Originally Posted by *simplykrazy07* i didnt have black lipstick so i just mixed black eyeshadow and a clear lip gloss. i do that alot with diff blushes and eyeshadows to get different colors for my lips. Those shapes that you two did are awesome! Pretty Gothic


----------



## Stephanie (Aug 25, 2005)

thank you!! if you were talking to me...


----------



## glamslam (Aug 25, 2005)

I'm having stupid issues with the internet tonight! I can't view Stephie's or SmartStyle's pics, plus I just got booted off the net a minute ago as I was about to post my own pics! @!&amp;%!#


----------



## glamslam (Aug 25, 2005)

Ok let's try this again.





Here's my look. I actually had a cool idea for artwork around the eyes but got too tired. I'll have to try it on my second face that I plan on doing next week. Don't know why I put on a beauty mark! I always do that, guess I just love them! But I do think it threw this look off somehow. LOL, I tried my best to smother my natural skin tone in Ivory foundation...check out the contrast with my neck! And in some of the pics, my cheeks still look pink. Oh well!


----------



## kissesarecandy0 (Aug 25, 2005)

Originally Posted by *PinkRibbons* Ha michelle that's awesome. But in the last pic, you look so much like Joshua and Jacob it scares me LoL



lol...well they are my family.....ps- i survived shadows fall and mudvanye....woot! mac fo rme!!!


----------



## Geek (Aug 25, 2005)

Originally Posted by *SmartStyle437* 
















This was my try, haven't done Goth in about 7 years or so.




WOW Tiff!


----------



## Geek (Aug 25, 2005)

Originally Posted by *glamslam* 

Ok let's try this again.



Here's my look. I actually had a cool idea for artwork around the eyes but got too tired. I'll have to try it on my second face that I plan on doing next week. Don't know why I put on a beauty mark! I always do that, guess I just love them! But I do think it threw this look off somehow. LOL, I tried my best to smother my natural skin tone in Ivory foundation...check out the contrast with my neck! And in some of the pics, my cheeks still look pink. Oh well!








Jessica! amazing look!


----------



## Geek (Aug 25, 2005)

Originally Posted by *kissesarecandy0* 

Oooooo....scary







Michelle! THat is so hot..dang


----------



## Geek (Aug 25, 2005)

Originally Posted by *glitter1391* 

Here is my try. 


Looking great, Glitter. I don't know if I have seen a pic of you before



Excellent job!


----------



## Shanel (Aug 25, 2005)

WOA... this means I get to bust out my old clothes from High School!! LOL!! I will be back!!


----------



## anne7 (Aug 25, 2005)

Originally Posted by *glamslam* Ok let's try this again.
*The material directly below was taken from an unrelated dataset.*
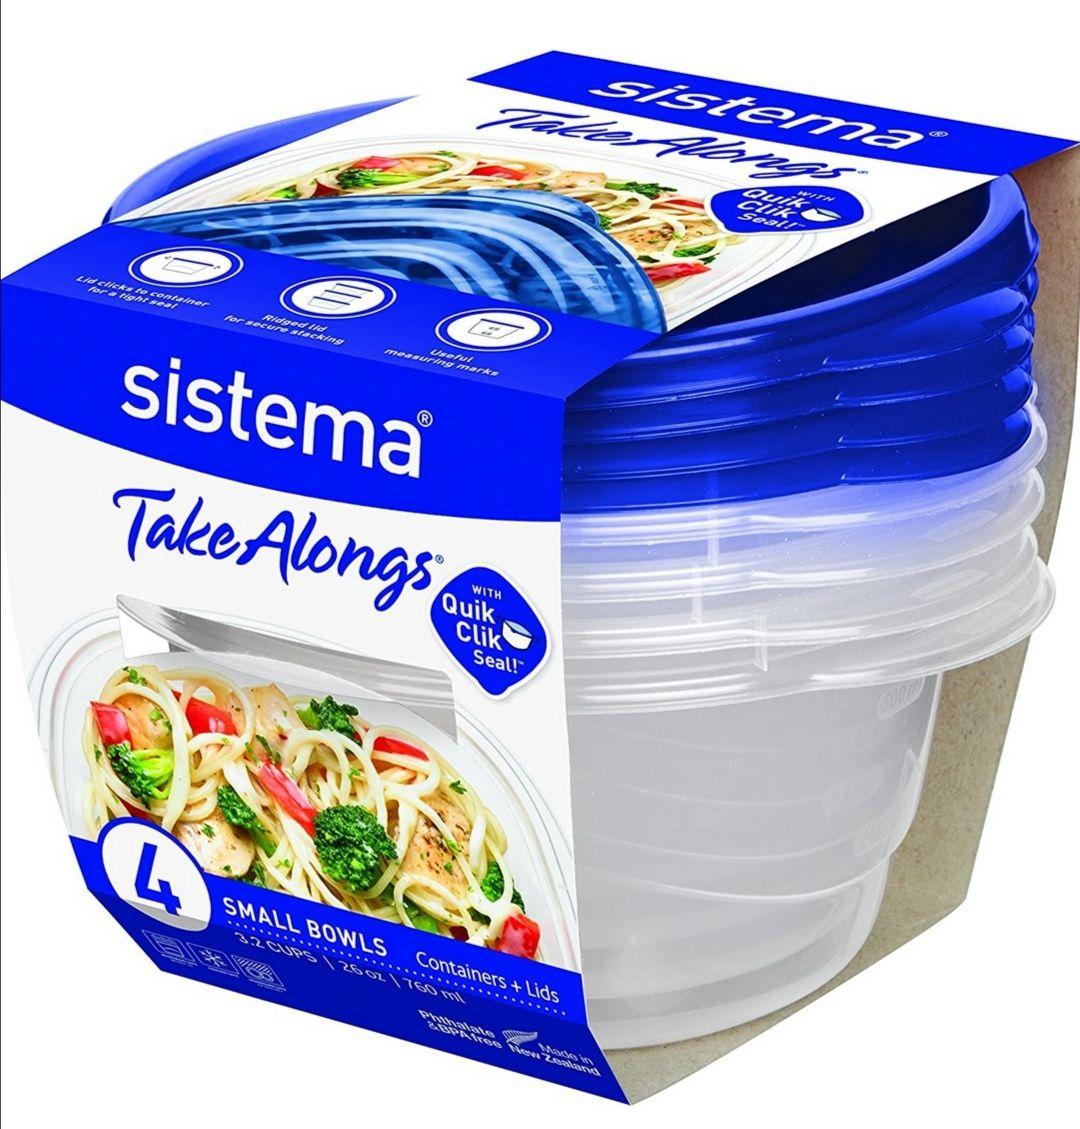 Sistema Takealongs 760ml Small Bowl 4 Pack Food Storage Containers - £2.20 Prime / +£4.49 Non Prime @ Amazon

Here's my look. I actually had a cool idea for artwork around the eyes but got too tired. I'll have to try it on my second face that I plan on doing next week. Don't know why I put on a beauty mark! I always do that, guess I just love them! But I do think it threw this look off somehow. LOL, I tried my best to smother my natural skin tone in Ivory foundation...check out the contrast with my neck! And in some of the pics, my cheeks still look pink. Oh well!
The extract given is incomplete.